My question is as follows; In the book Anton Calculus 12th edition, Question 56 in section 5.2 has a solution contradicting my own; I will break the reasoning down for my answer to aid a reader in helping me. Or, possibly the book's solution is incorrect.
Problem:
Find an equation of the curve that satisfies the given. At each point (x,y) on the curve, the slope equals three times the square of the distance between the point and the y-axis; the point (-1,2) is on the curve.
Book Solution: \begin{align*} dy/dx=x^2,y&=\int x^2dx = x^3/3+C;\\ y&=2 \textrm{ when } x=-1,\textrm{ so } (-1)^{3}/3+C = 2, C=7/3\\ \textrm{thus } y&=x^{3}/3+7/3 \end{align*} My solution:
Here is my first thought for solving this, possibly $\vec{v} = (x,y)$ then we get, $$\frac{dy}{dx} = 3\|\vec{v}||^{2}\implies y =\int3\|\vec{v}||^{2}dx $$ After doing said integration, solve the initial value problem to get $C_{1}$.

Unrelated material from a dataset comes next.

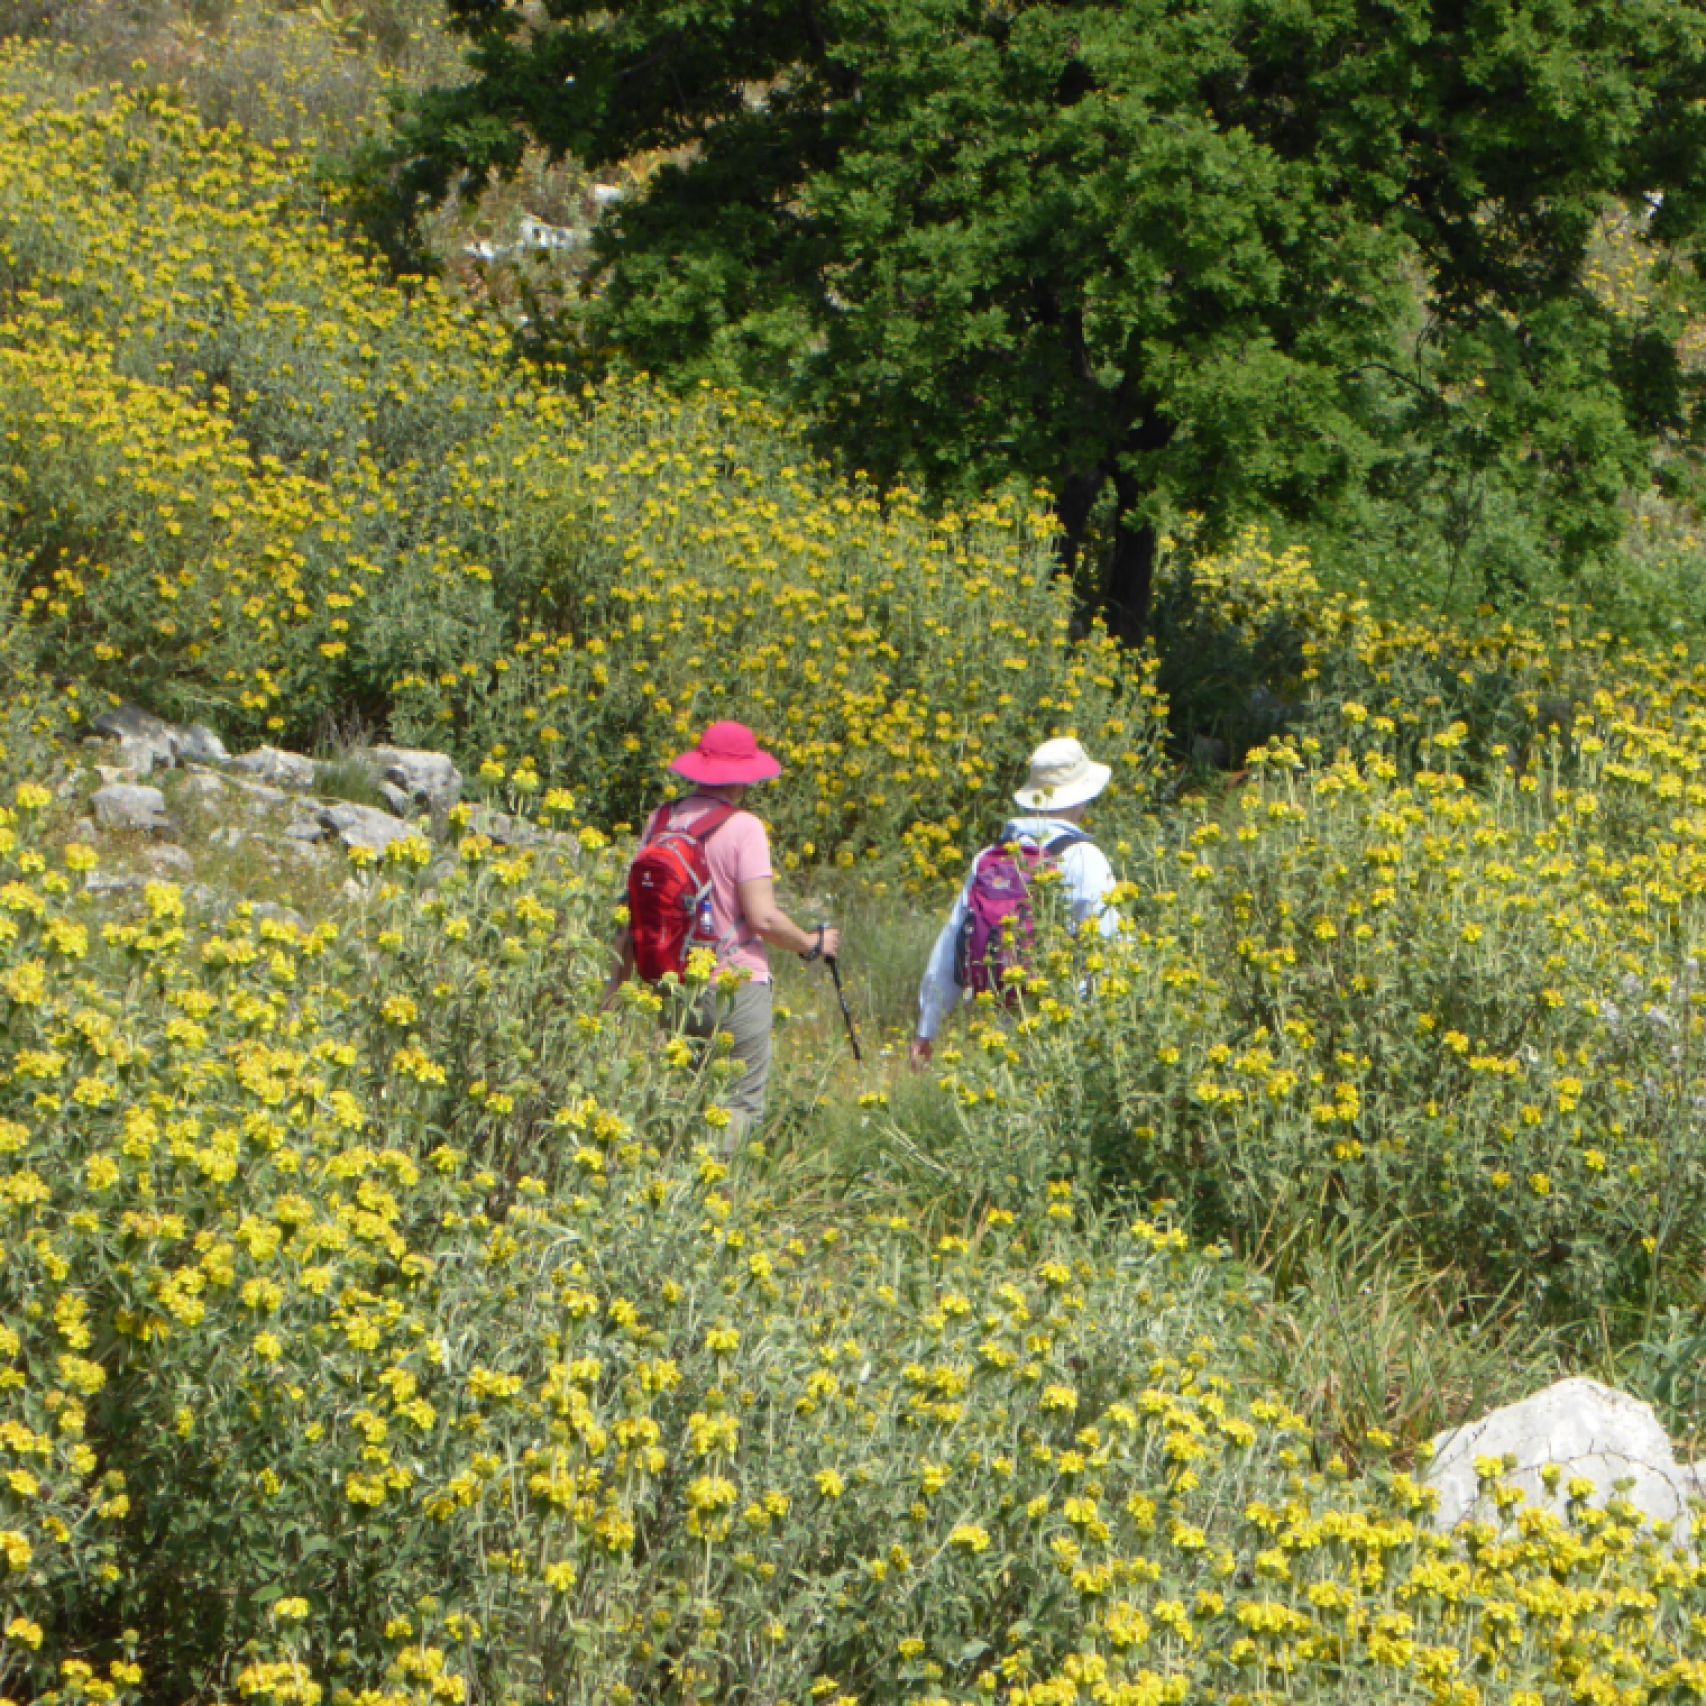 Corfu walkers

The above must be incorrect since this would mean that $\vec{v}$ is a vector from the origin; So I will do my best to break my thought process into an algorithm the reader can understand, which may aid in helping me.
What I think I know. The labels (1, 2, ... 7) can be used to aid in replying to my question.
- (1) F(x) = y
- (2) "at each point", every (x,F(x)).
- (3) "on the curve", the equation F(x).
- (4) "the slope", $\frac{dy}{dx}$
- (5) "equals three times the square," three times a square is 3(x^2).

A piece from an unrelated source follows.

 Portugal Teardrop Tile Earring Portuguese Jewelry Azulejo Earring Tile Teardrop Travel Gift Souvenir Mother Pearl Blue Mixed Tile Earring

- (6) "the distance between the point and the y-axis", Since it's asserting the distance between the point and the y-axis, I think it's safe to assume what ever vector I come up with will not be going through the origin, so possibly if $P1 = (0,y)$, and $P2 = (x,y)$ then $\vec{P1P2} = (x,y)-(0,y) = (x,y-y) = (x,0)$
- (7) "the point (-1,2) is on the curve". This will be used to find our $C_{1}$
Here is my Second thought. Using $\vec{P1P2}$ from (6) \begin{align} \frac{dy}{dx} &= 3||\vec{P1P2}||^2\\ &= 3x^2 \\ \therefore y &= \int3x^2dx = 3\frac{1}{3}x^{3}=x^3+C_{1} \\ \end{align} Finally finding $C_{1}$ (7) \begin{align} y(-1) & = (-1)^3 + C_{1}\\ \implies 2 &= -1 +C_{1} \\ 3 &= C_{1} \end{align}
So we now have, $F(x) = y = x^{3} + 3$.
Any help that can be provided is greatly appreciated; thanks in advance.
I have taught out of Anton and other similar calculus texts and can attest that it is not unusual to find exercises with incorrect 'answers' in the key at the back of the book.
When teaching from a new text, it did not take long to find many of these because students would ask me about those problems when they could not get the 'correct' answer. I would always mark these in my copy of the text so that I could forewarn students and sent a note to the publisher so that a correction could be made in the next addition.
Since OP's solution to the exercise is correct, this is obviously a mistake in the answer key.